In one embodiment, the ultrasonic scanning device 13 may include a light emitter 131 and a body 132 . The light emitter 131 can be disposed on the body 132, as shown in FIG. 1 . In one embodiment, the communication interface 41 , the sensor 42 , the ultrasonic probe 43 and the image generating module 44 shown in FIG. 4 can be disposed in the main body 132 .

In one embodiment, the control host 14 can transmit the navigation prompt information 101 to the processor 45 of the ultrasonic scanning device 13, and the processor 45 can control the light emitter 131 to emit light 103 according to the navigation prompt information 101 to guide the ultrasonic scanning The device 13 moves. The light 103 includes visible light and is suitable for guiding the movement of the ultrasonic scanning device 13 . In one embodiment, the processor 45 can control the light 103 emitted by the light emitter 131 to point to the target direction according to the navigation prompt information 101 , so as to guide the ultrasonic scanning device 13 to move towards the target direction. In an embodiment, the light 103 and/or the light spot formed by the light 103 irradiating on an object (such as the target 100 ) can also be regarded as part of the information of the navigation prompt information 101 . For example, the light 103 can project the movement trajectory of the guiding ultrasonic scanning device 13 on the target 100 according to the movement trajectory in the first physical action, so that the operator of the ultrasonic scanning device 13 can follow the guidance of the light 103 to generate the second physical action. In addition, the main body 132 is suitable for providing the user operation of the ultrasonic scanning device 13 to capture the ultrasonic image 102 and transmit the ultrasonic image 102 to the control host 14 .

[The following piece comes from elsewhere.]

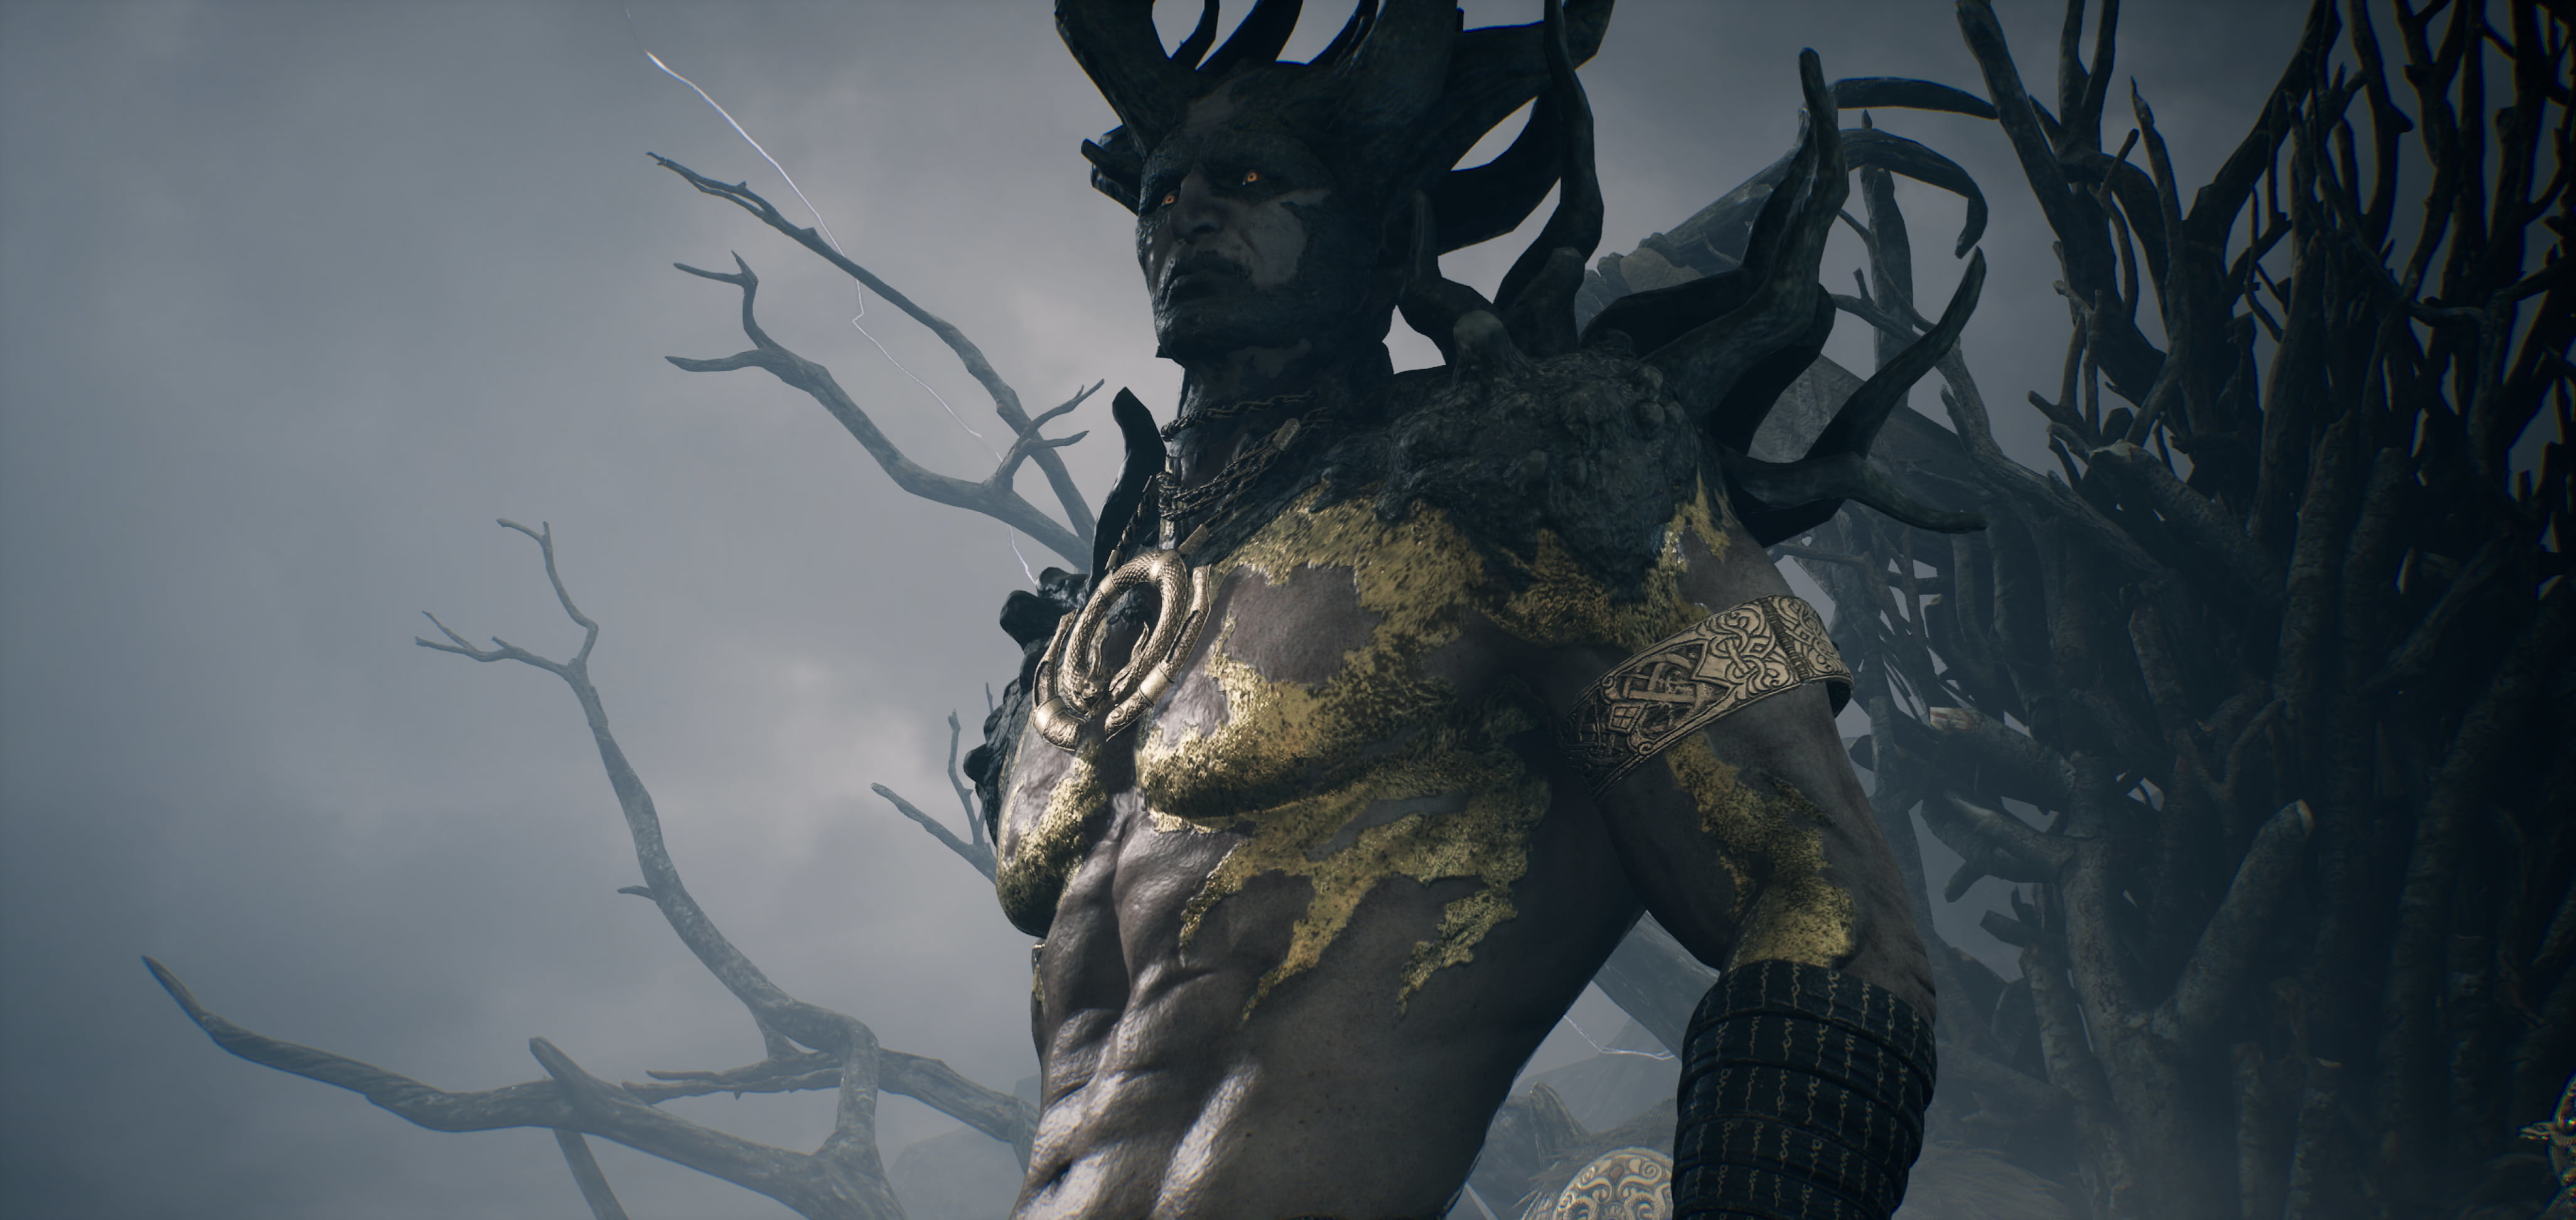 北欧神话 mmorpg《奥丁:神叛》 释出全新游戏预告影片「洛基的愤怒」

The prompting device 15 is suitable for presenting navigation prompting information 101 . The navigation prompt information 101 is suitable for guiding the ultrasonic scanning device 13 to perform the second physical action according to the first physical action. It should be noted that the prompting device 15 may include one or more devices of the same or different types, and these devices may be arranged on the ultrasonic scanning device 13 or be independent of the ultrasonic scanning device 13, and the invention is not limited . In an embodiment, the light emitter 131 can be one of the prompting devices 15 .

In one embodiment, the prompting device 15 and the light emitter 131 can be present in the ultrasonic scanning operation guidance system 10 at the same time for cooperative operation. For example, when the prompting device 15 and the light emitter 131 exist in the ultrasonic scanning operation guidance system 10 at the same time, the light emitter 131 can emit light 103 to guide the ultrasonic scanning device 13 to move. At the same time, the prompting device 15 can present at least part of the information in the navigation prompting information 101 , such as a moving track, a moving direction indicator, etc., so as to guide the ultrasonic scanning device 13 cooperatively. In another embodiment, the ultrasonic scanning device 13 may not have the light emitter 131 .

In one embodiment, the control host 14 can detect the second physical action of the ultrasonic scanning device 13 . For example, the sensor 42 of the ultrasonic scanning device 13 can generate a second inertial measurement signal according to the second physical movement. The processor 45 of the ultrasonic scanning device 13 can transmit the second inertial measurement signal to the control host 14 through the communication interface 41 . The processor 23 of the control host 14 can receive the second inertial measurement signal through the communication interface 21 and analyze the second inertial measurement signal to obtain information related to the movement of the second entity.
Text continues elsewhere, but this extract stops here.